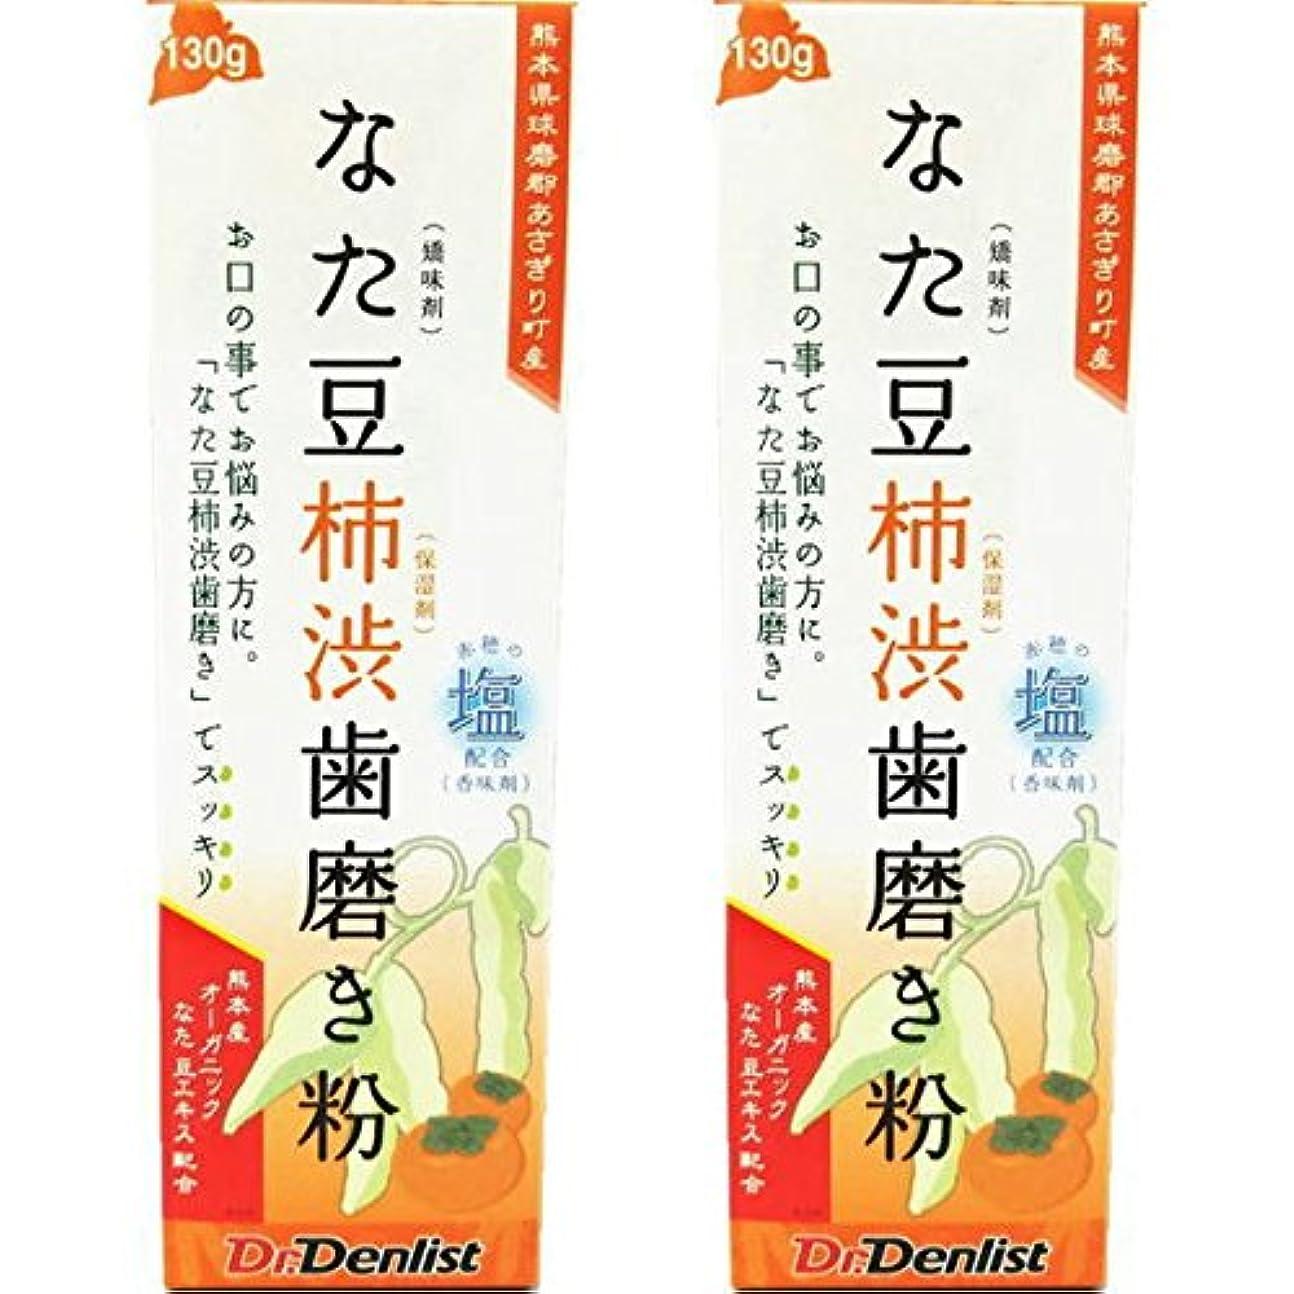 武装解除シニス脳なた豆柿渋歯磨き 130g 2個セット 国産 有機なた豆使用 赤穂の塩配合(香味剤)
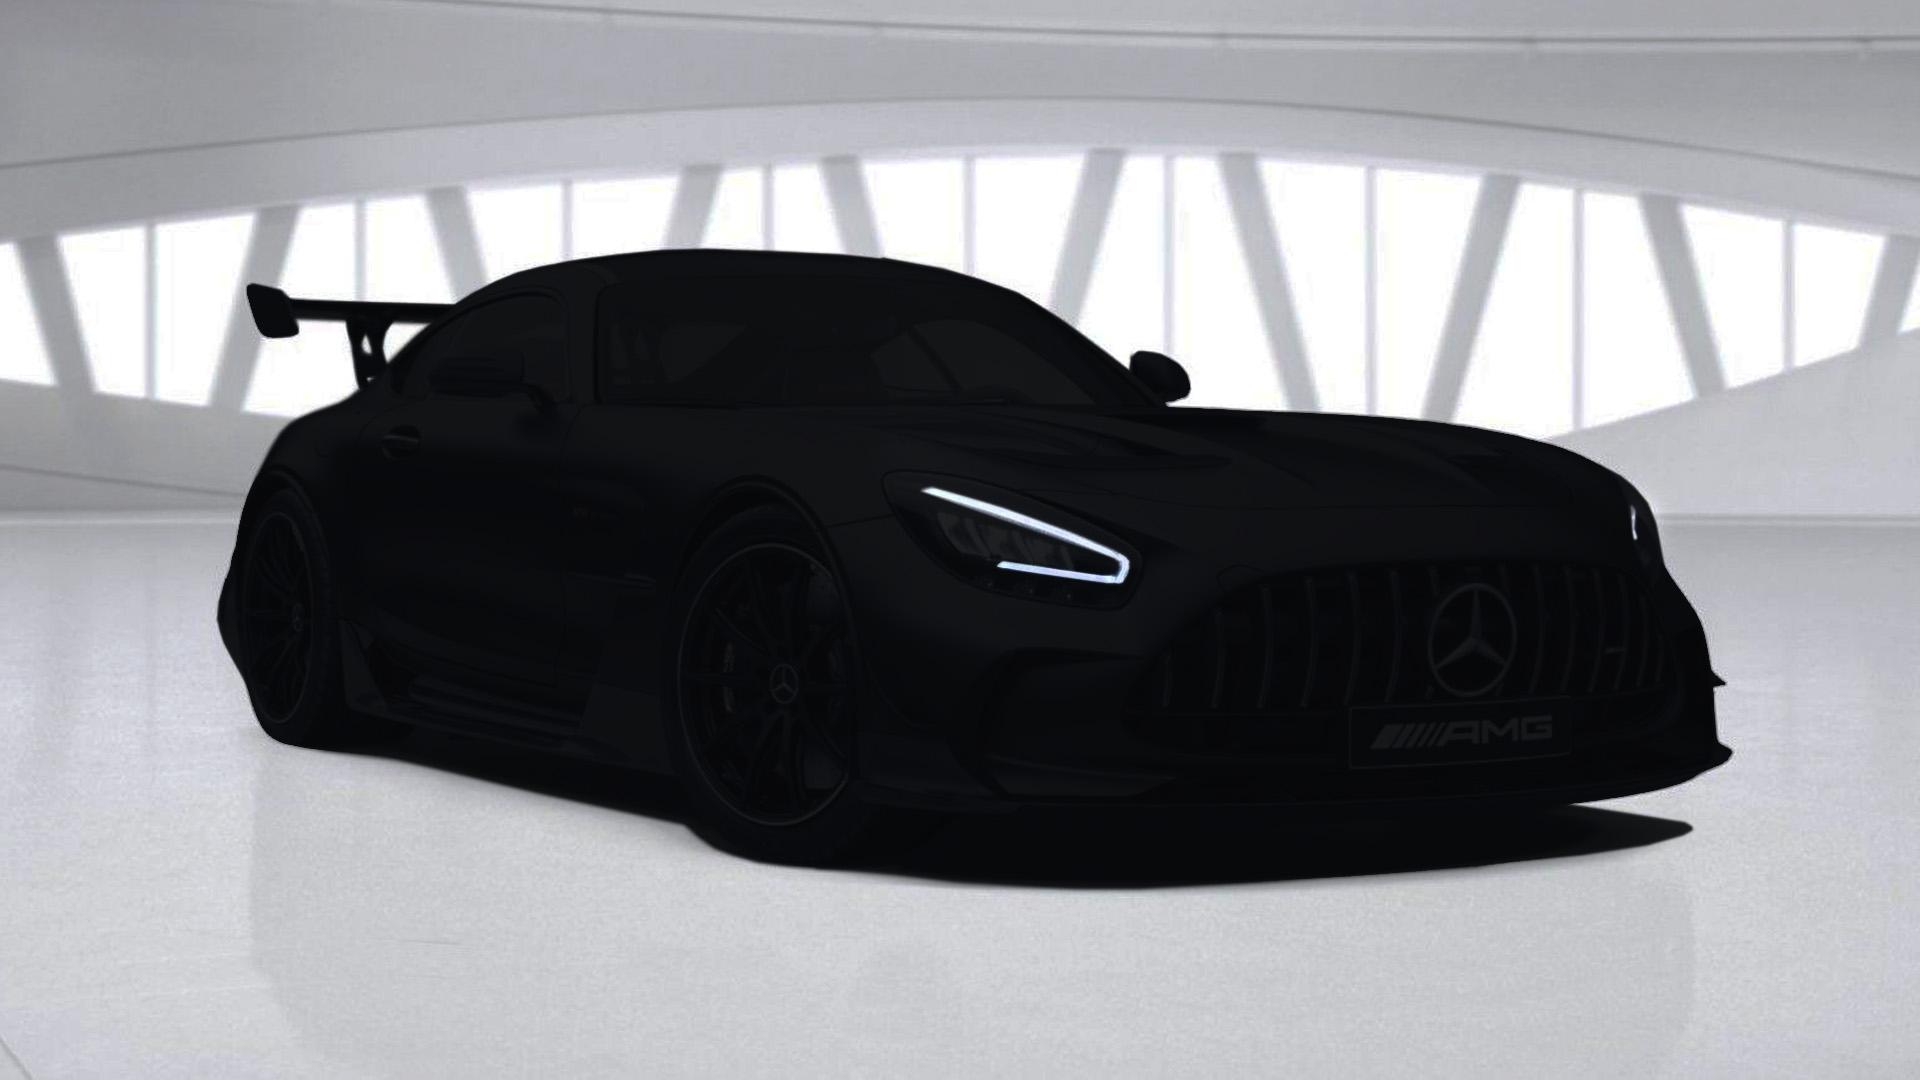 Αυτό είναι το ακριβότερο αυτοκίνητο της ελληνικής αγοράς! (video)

* * * * * * * * *

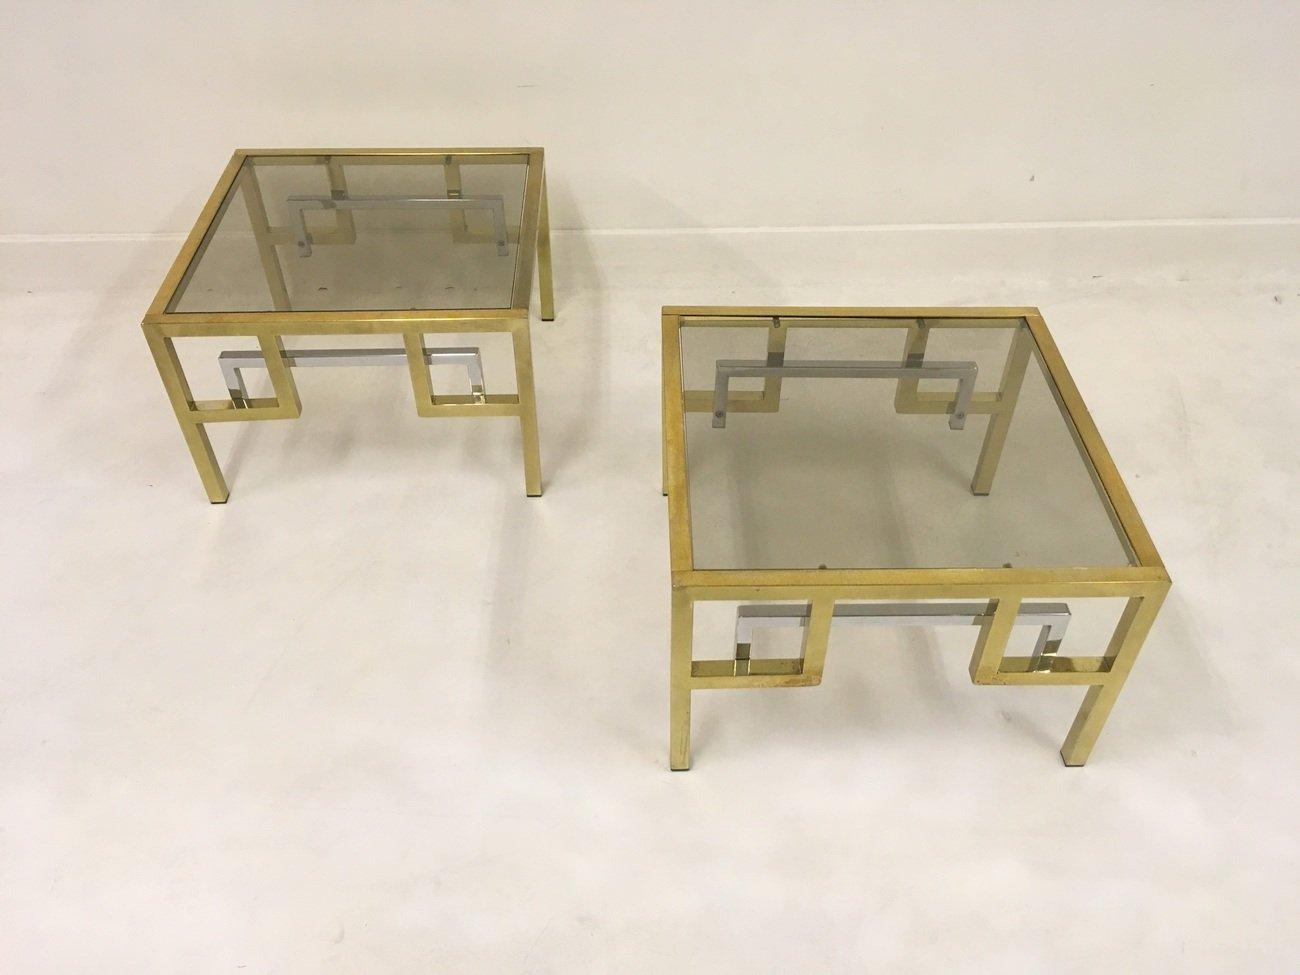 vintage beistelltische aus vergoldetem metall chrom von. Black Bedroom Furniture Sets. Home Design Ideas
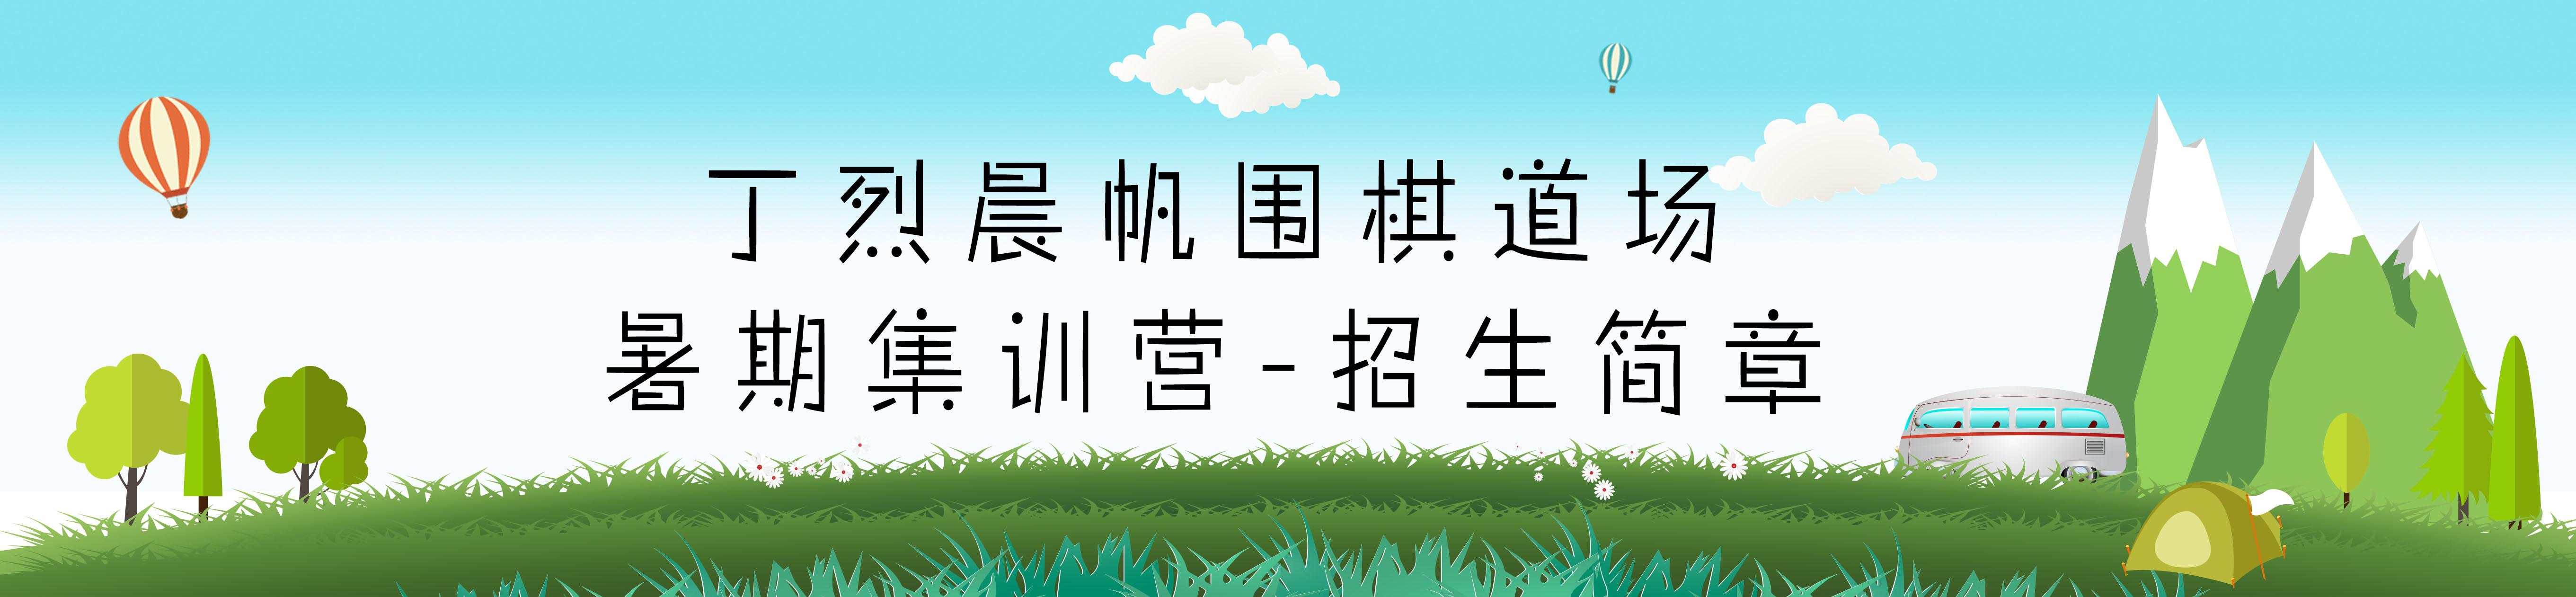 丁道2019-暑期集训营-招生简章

* * * * * * * * *

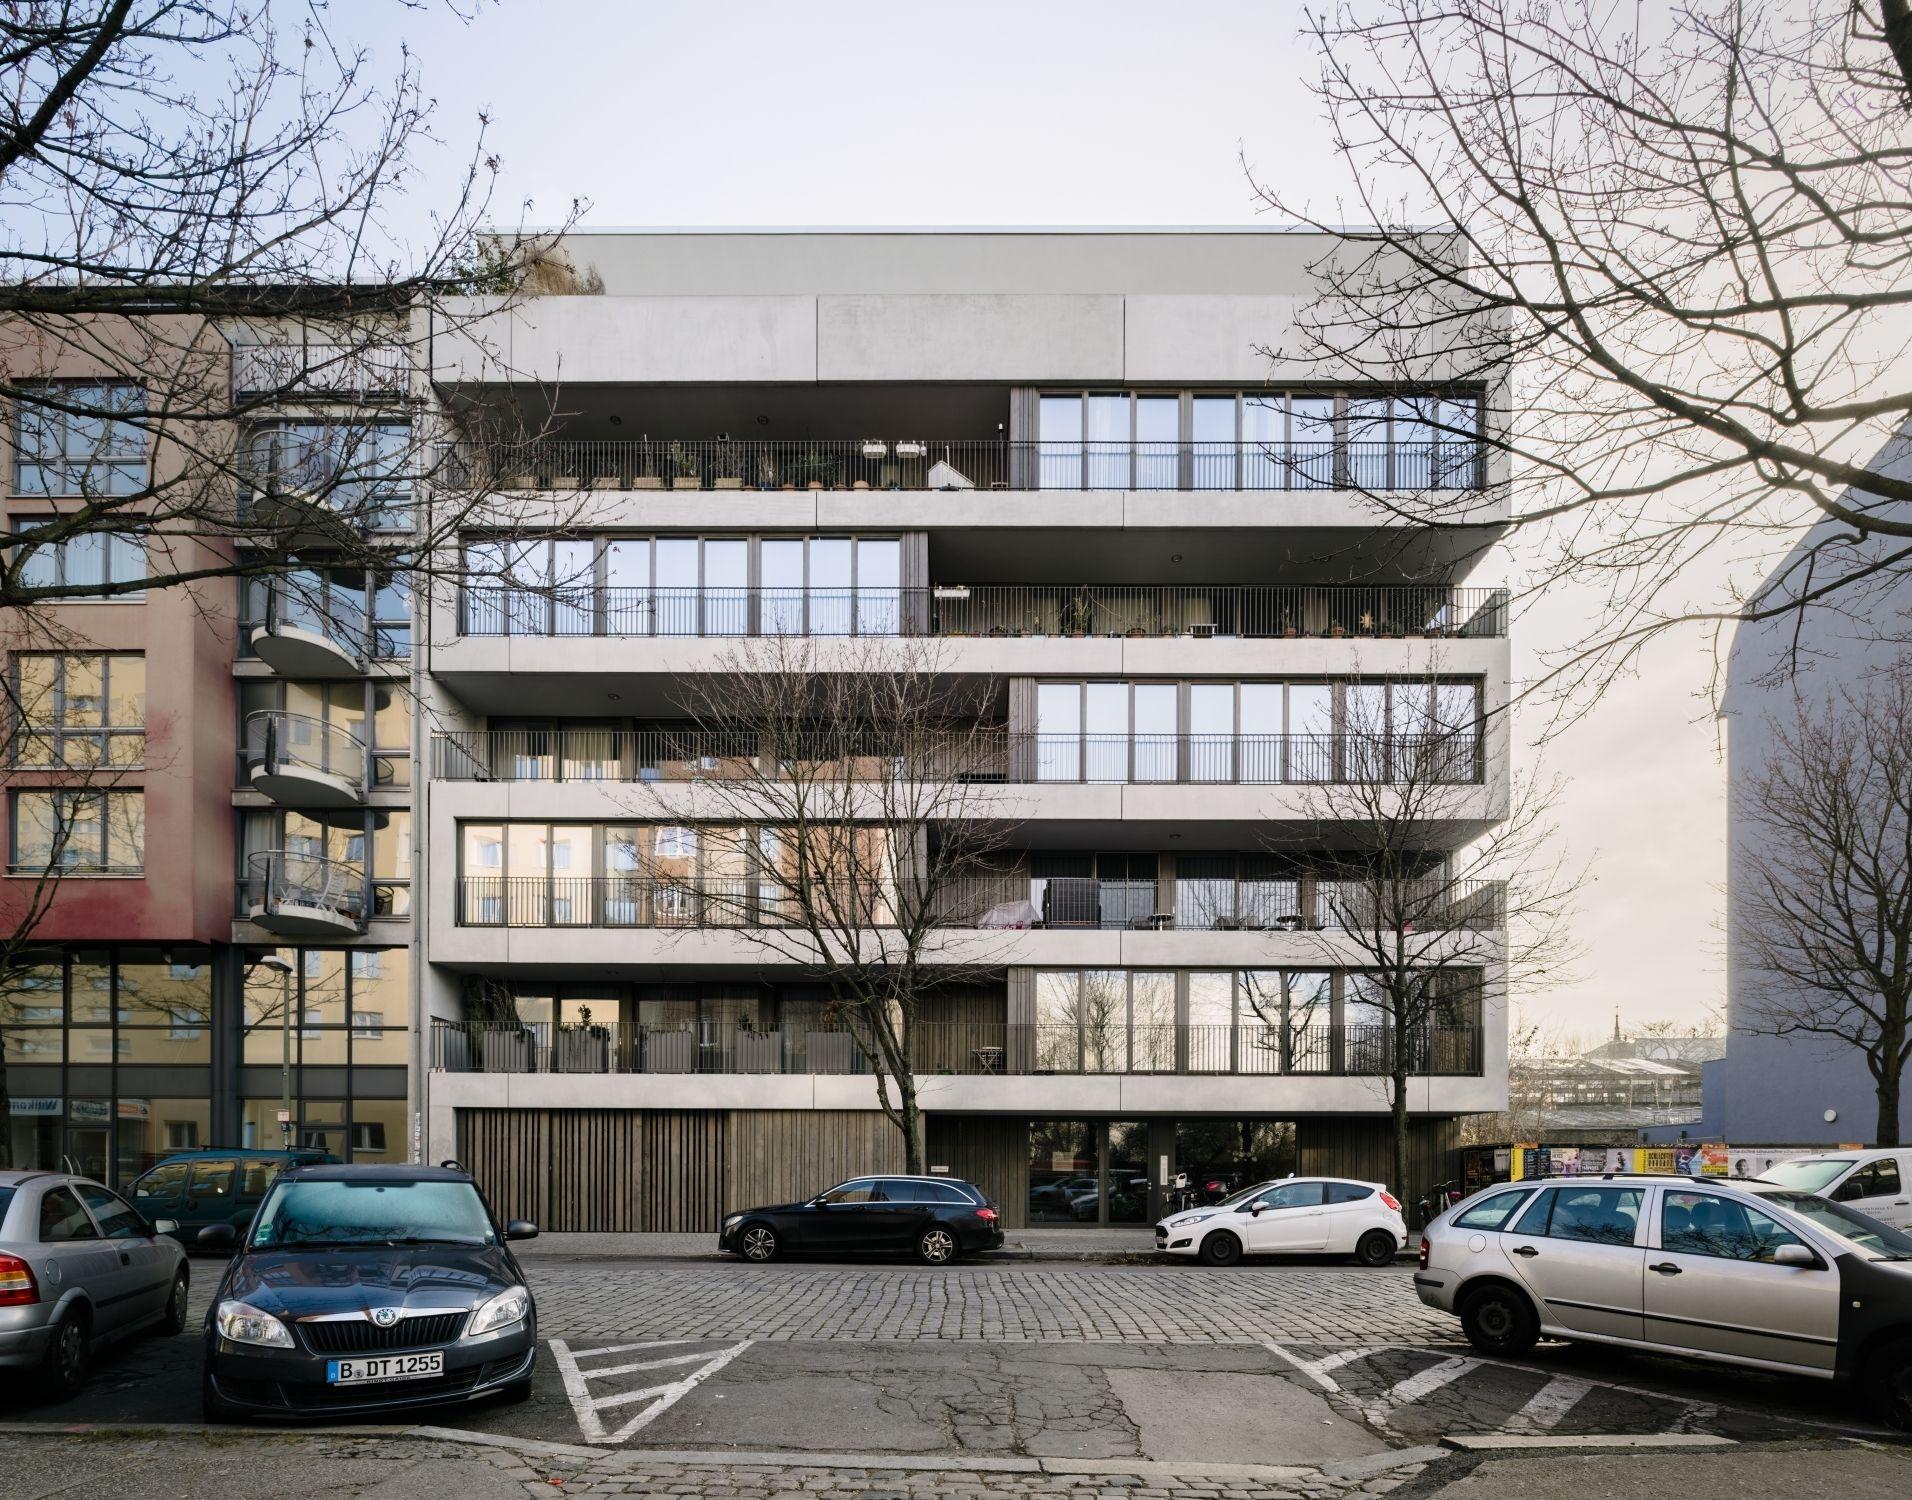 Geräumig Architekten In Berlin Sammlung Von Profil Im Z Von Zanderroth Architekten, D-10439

* * * * * * * * *

## Exercise requirements:
Using the entries above, transcribe exactly from the line that has "武装解除シニス脳なた豆柿渋歯磨き 130g 2個セット" through the line that has "Αυτό είναι το". Pictures are dropped.

## Worked solution:
 武装解除シニス脳なた豆柿渋歯磨き 130g 2個セット 国産 有機なた豆使用 赤穂の塩配合(香味剤)
 Αυτό είναι το ακριβότερο αυτοκίνητο της ελληνικής αγοράς! (video)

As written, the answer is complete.